Their parents had been runners before. Of course the irony now was that children were the ones running the weapons, and, for the most part, leading the ambushes.

He let out a breath when he arrived at the old library building where the next raid was mounting, and made his delivery. The man (boy, really) who took his shipment frowned when he arrived.

“Watch out on your way back, mate. There’s been news of a zombie attack near here. They know we’re preparing another ambush, and they know our base is somewhere nearby. Be safe. Stay true.”

He muttered back the true human parting words, and started back for his playhouse. He tried to act as casually as he could, but his brisk walk broke into a trot, the empty wagon bouncing loudly behind him without its load.

He knew immediately that something wasn’t right. There was a smell. A very particular smell.
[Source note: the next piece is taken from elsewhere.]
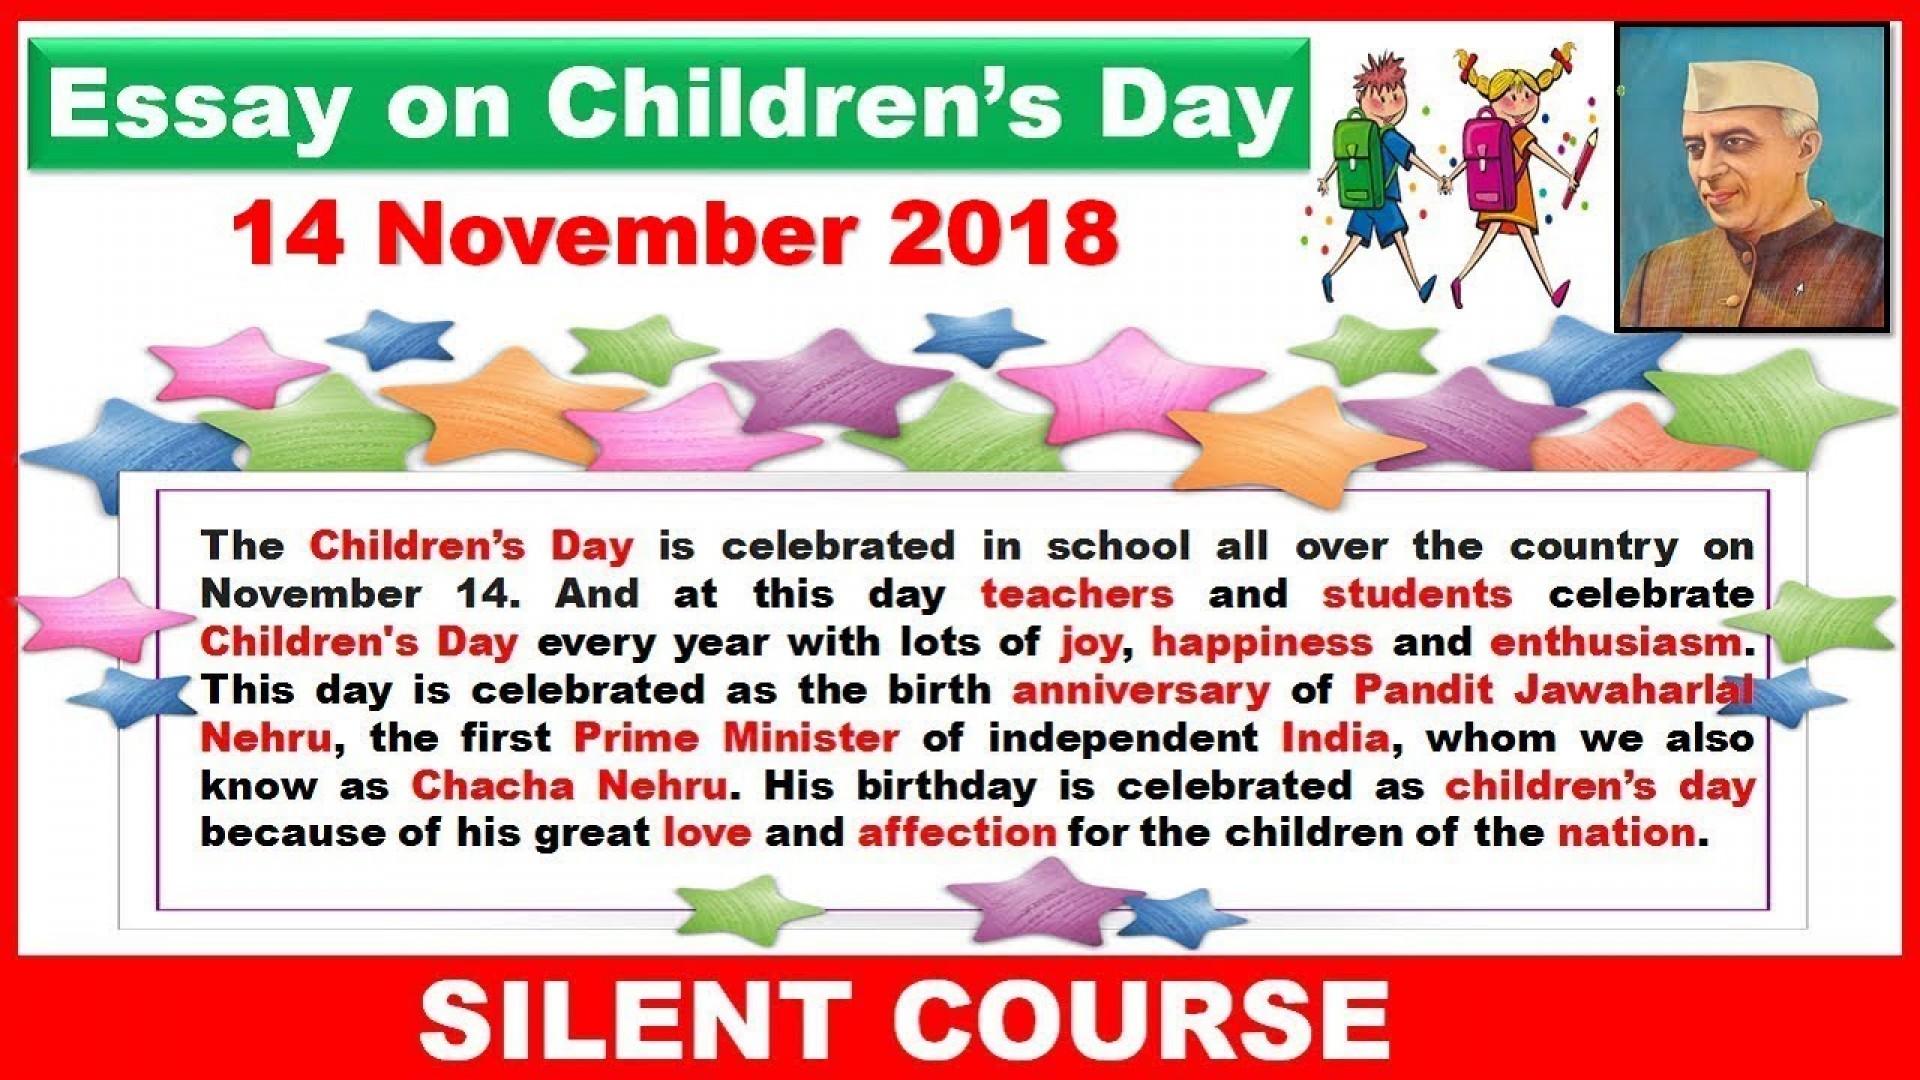 020 Essay Example Maxresdefault On Rare Children Children's Day In Kannada Telugu 1920

The playhouse door, which Charlotte would have bolted behind him, was hanging from its hinges.

When he got closer, he found the first body. The grotesquely mutated human body, that would have been more dead than alive even before the killing blow. There was nothing left of the head, which was the only way to stop them. It was a perfect shot. Clean. Just the one shot took it down.
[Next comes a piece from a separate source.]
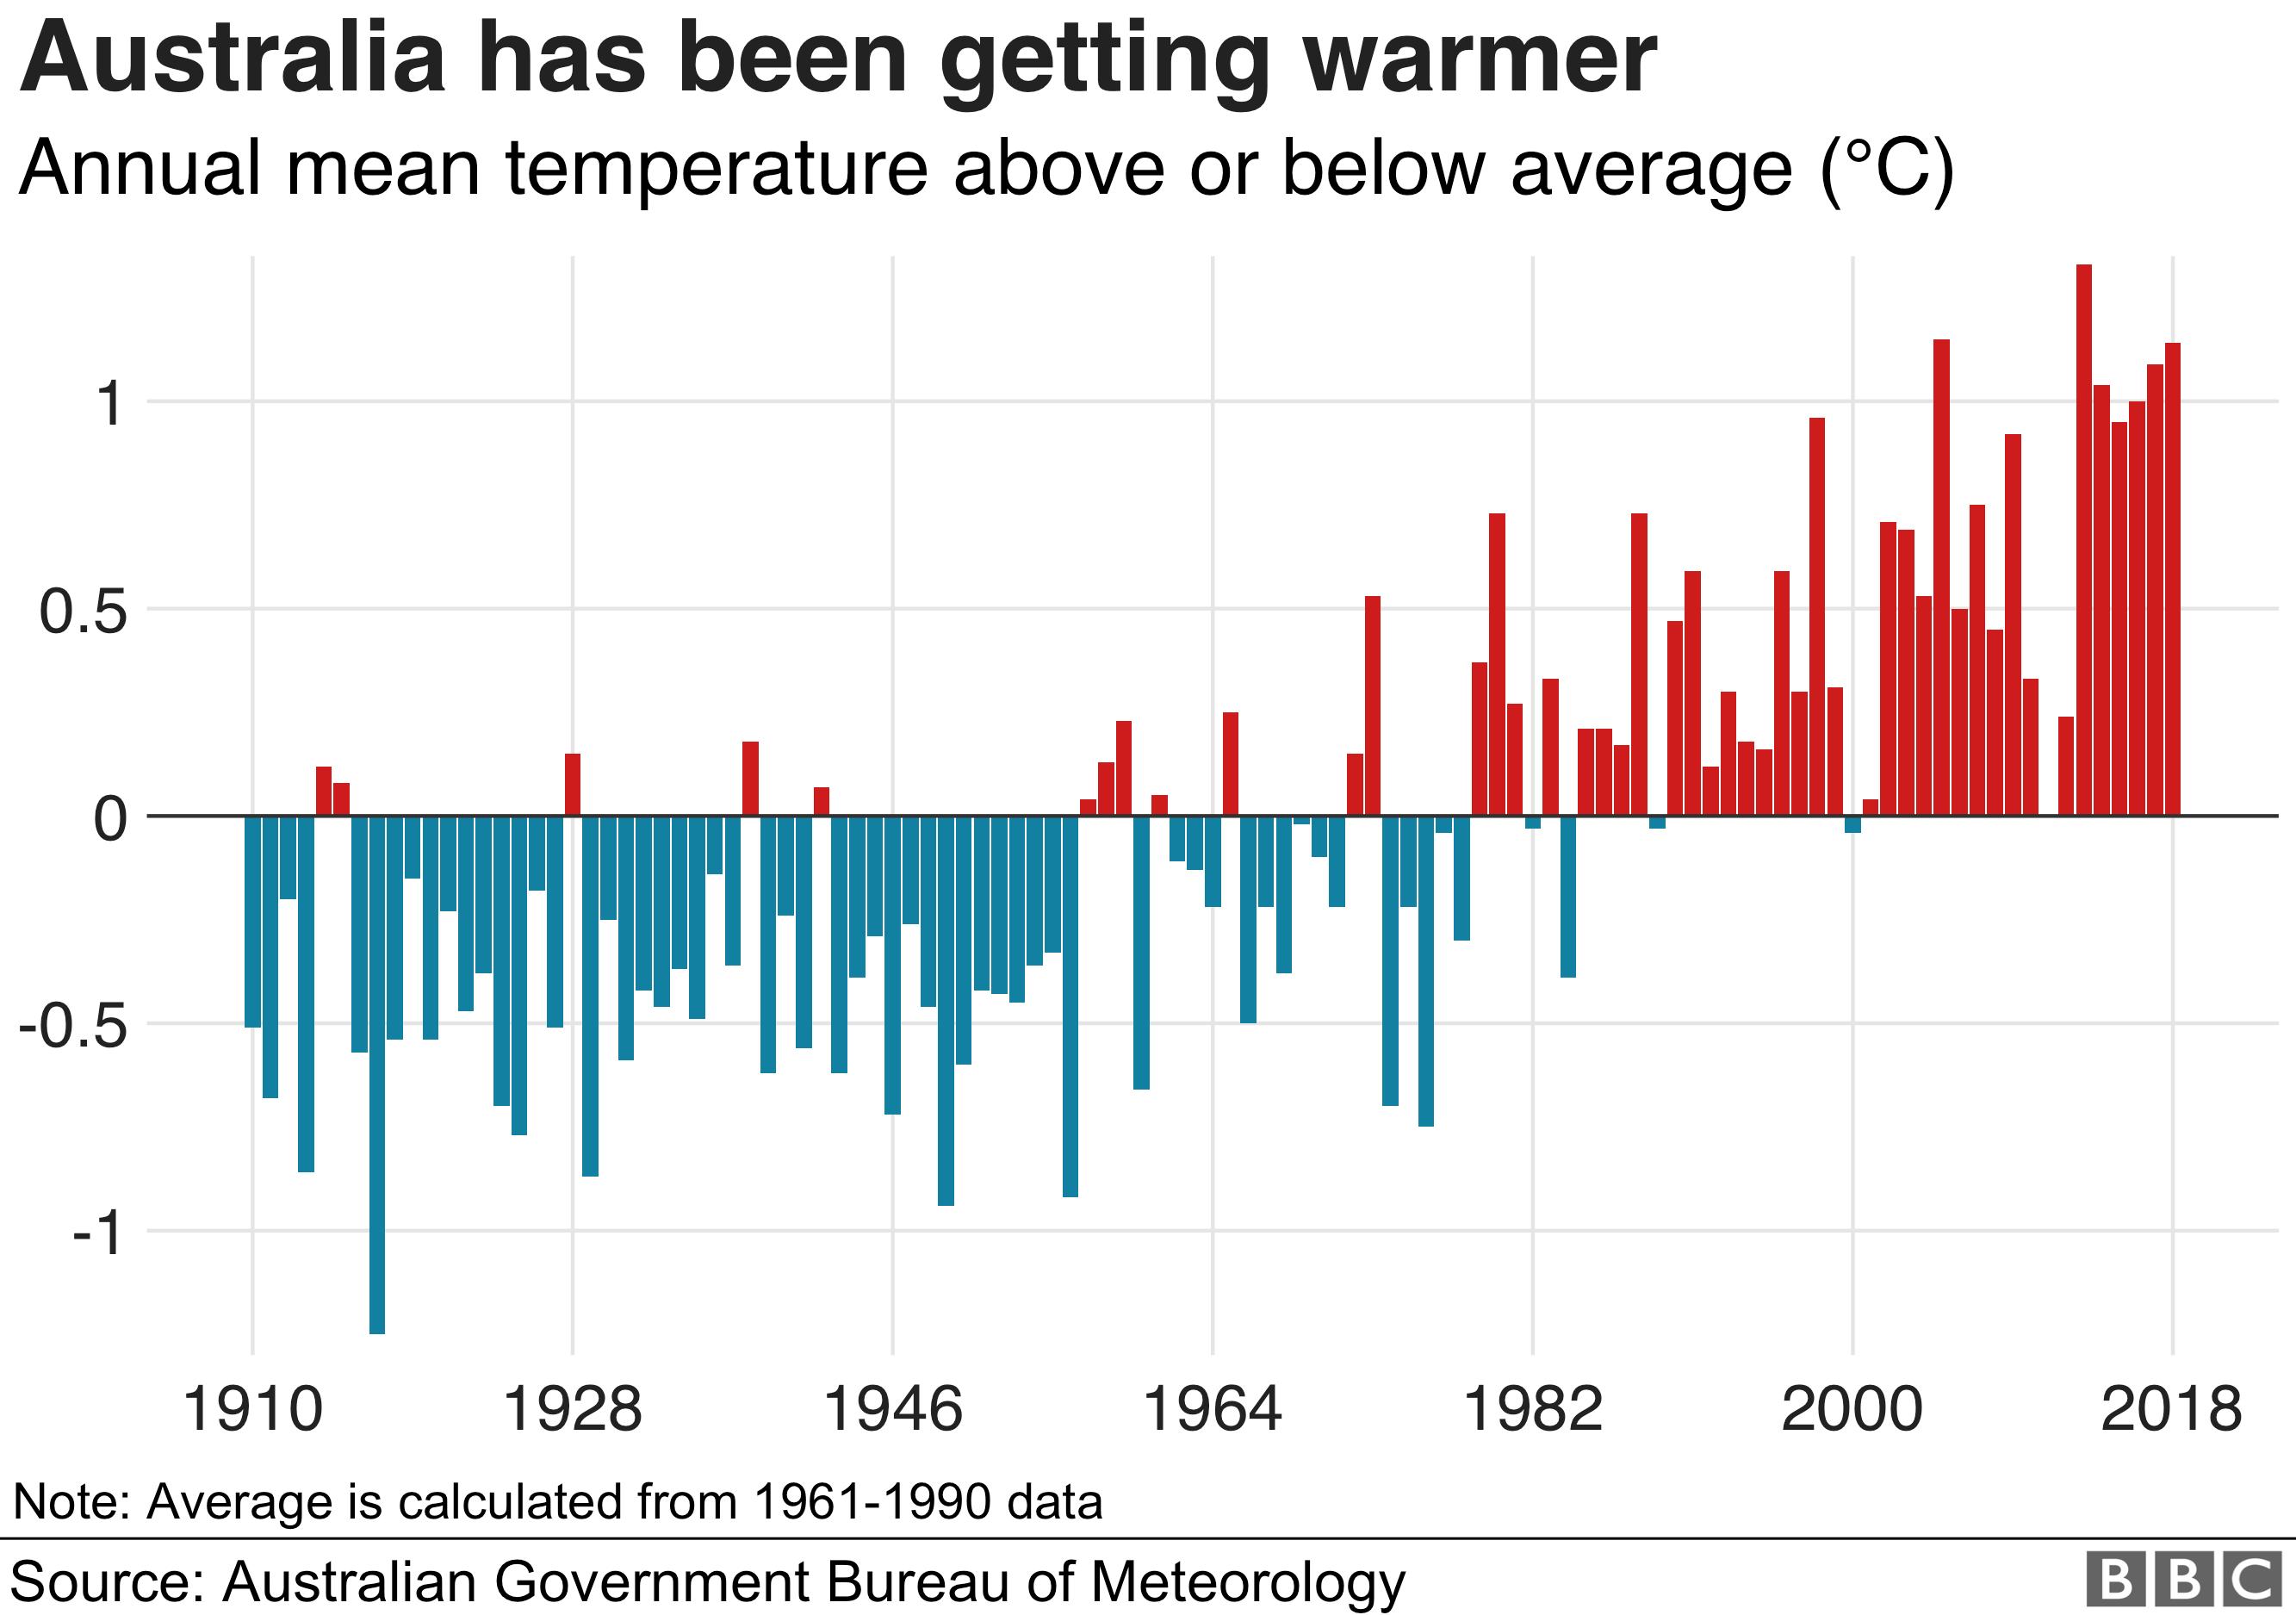 Australia experiences hottest summer on record - BBC News

The second and third bodies were the same.

It was the fourth and fifth, one still flopping around the playhouse – which he quickly dispatched – and the other with multiple holes in the torso before the head shot, that had been too much.

Her tiny body, only seven years old, was barely recognizable, harvested for any usable organ and appendage.

He’d left her behind to keep her from harm, thinking that she’d be safe in the playhouse. But he’d known her odds. Three out of five. She had been consistent, at least.

His fault.

He went to the loose floorboard, pried it up, and removed one rifle and one box of shells. He carefully loaded it, and placed it in the wagon.

He only needed the one this time.

He pulled the wagon out the door, leaving his sister’s toys behind.

Sara is a Kansas-grown author of the fantasy and horror persuasions. She is convinced that fantastical things are waiting for her just around the corner, and until she finds the right corner, she writes about those things instead.

3 Comments

  • You cannot see my horrified flailing, but trust me — there is horrified flailing. One line — Her tiny body, only seven years old, was barely recognizable, harvested for any usable organ and appendage. — says approximately six million things about the world you built that just make my whole brain go nooooooooooo T_T.

    Really well done.

  • Thank you, Ashley! I’m so glad I was able to give you such a deep impression of the world with that line. The world in this story grew so huge for just under 1000 words that I wasn’t sure I’d be able to capture it at all.

  • Ted Boone says:

    Three out of five. Wow, great foreshadowing on this one. Only 1000 words, and you still manage to punish the MC for a poor judgement call made in the intro paragraphs. Good stuff.